Can someone please help with the above!

youkaichao commented 3 months ago

cc @liangfu

ashutoshsaboo commented 3 months ago

@liangfu would appreciate if you can help with the above issue!

mgoin commented 3 months ago

@aws-patlange could you please look into this?

aws-patlange commented 3 months ago

We currently don't support paged attention in the neuron integration. You need to explicitly set block-size to the max-model-len. See https://awsdocs-neuron.readthedocs-hosted.com/en/latest/libraries/transformers-neuronx/transformers-neuronx-developer-guide-for-continuous-batching.html.

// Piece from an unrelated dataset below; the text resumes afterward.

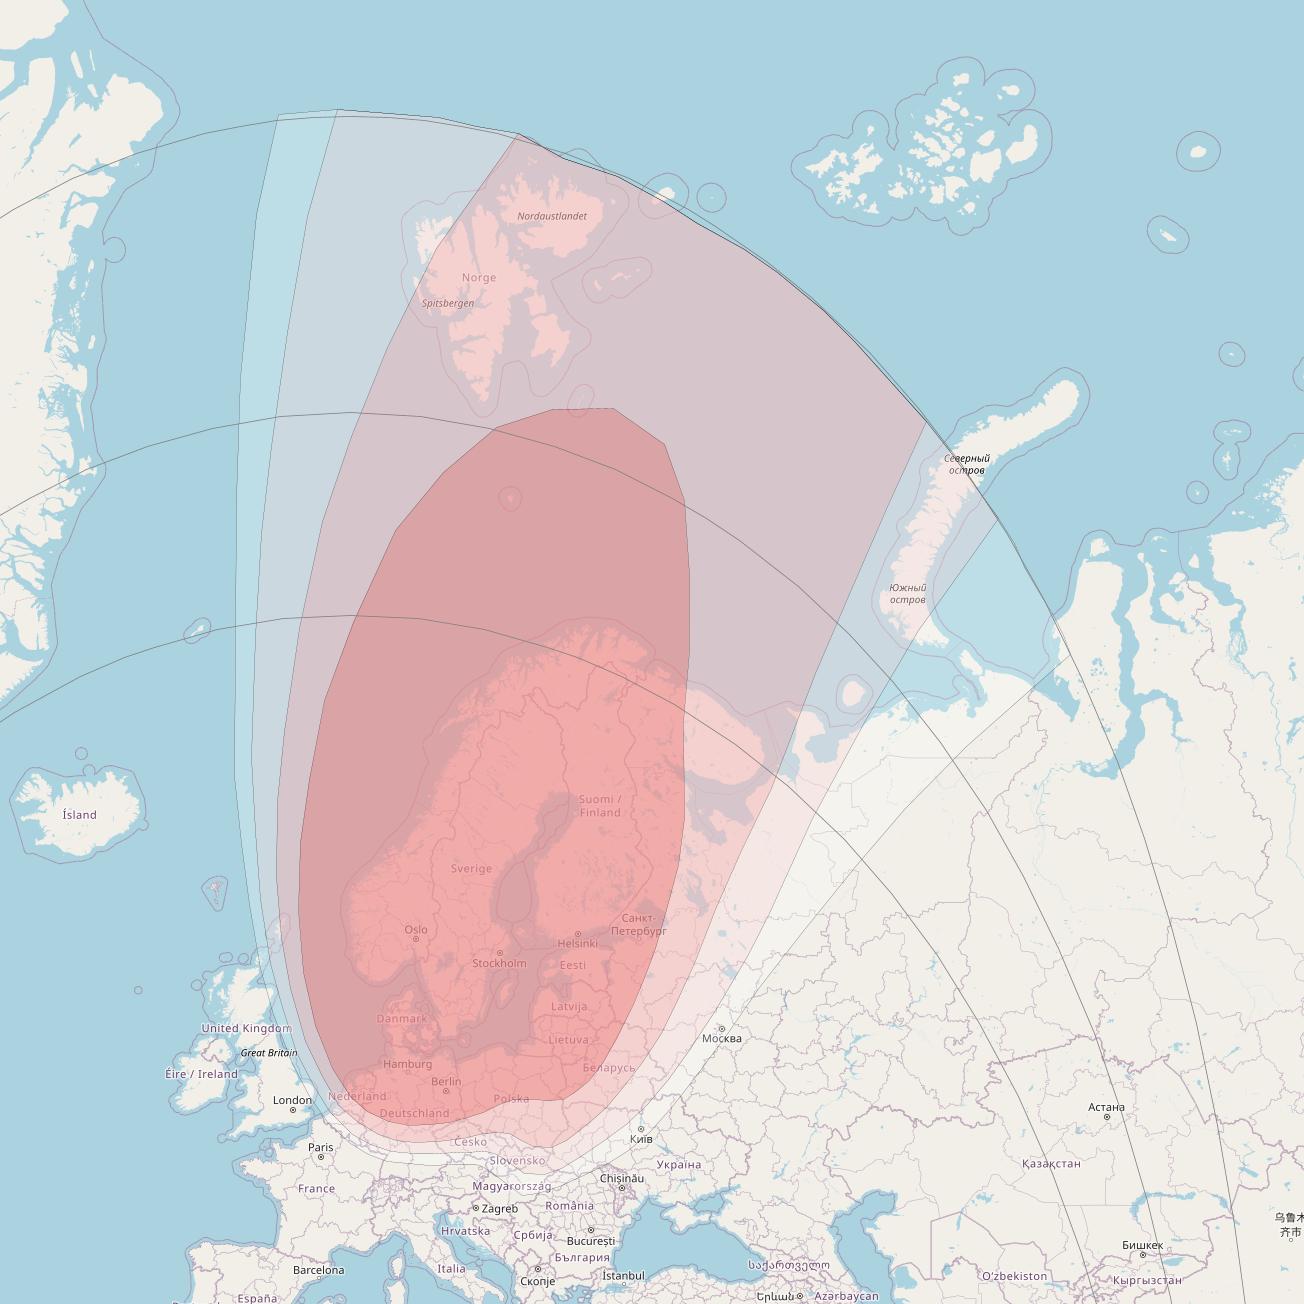 SES 5 at 5° E downlink Ku-band Nordic beam coverage map

This will likely need some edits here to be able to pass it to one of API entrypoints provided in vllm.

aws-patlange commented 3 months ago

Please try the following after editing the argument parser that is currently restricting --block-size to only some specific values:

 python -u -m vllm.entrypoints.openai.api_server \
    --port 8081 \
    --model $MODEL_NAME \
    --trust-remote-code \
    --max-num-seqs 1 \
    --device neuron \
    --max-model-len 2048 \
    --block-size 2048 \
    2>&1 | tee api_server.log &
minhtcai commented 3 months ago

@aws-patlange Hi, I use your command but getting: TypeError: Can't instantiate abstract class NeuronWorker with abstract method execute_worker Any pointers? Thanks!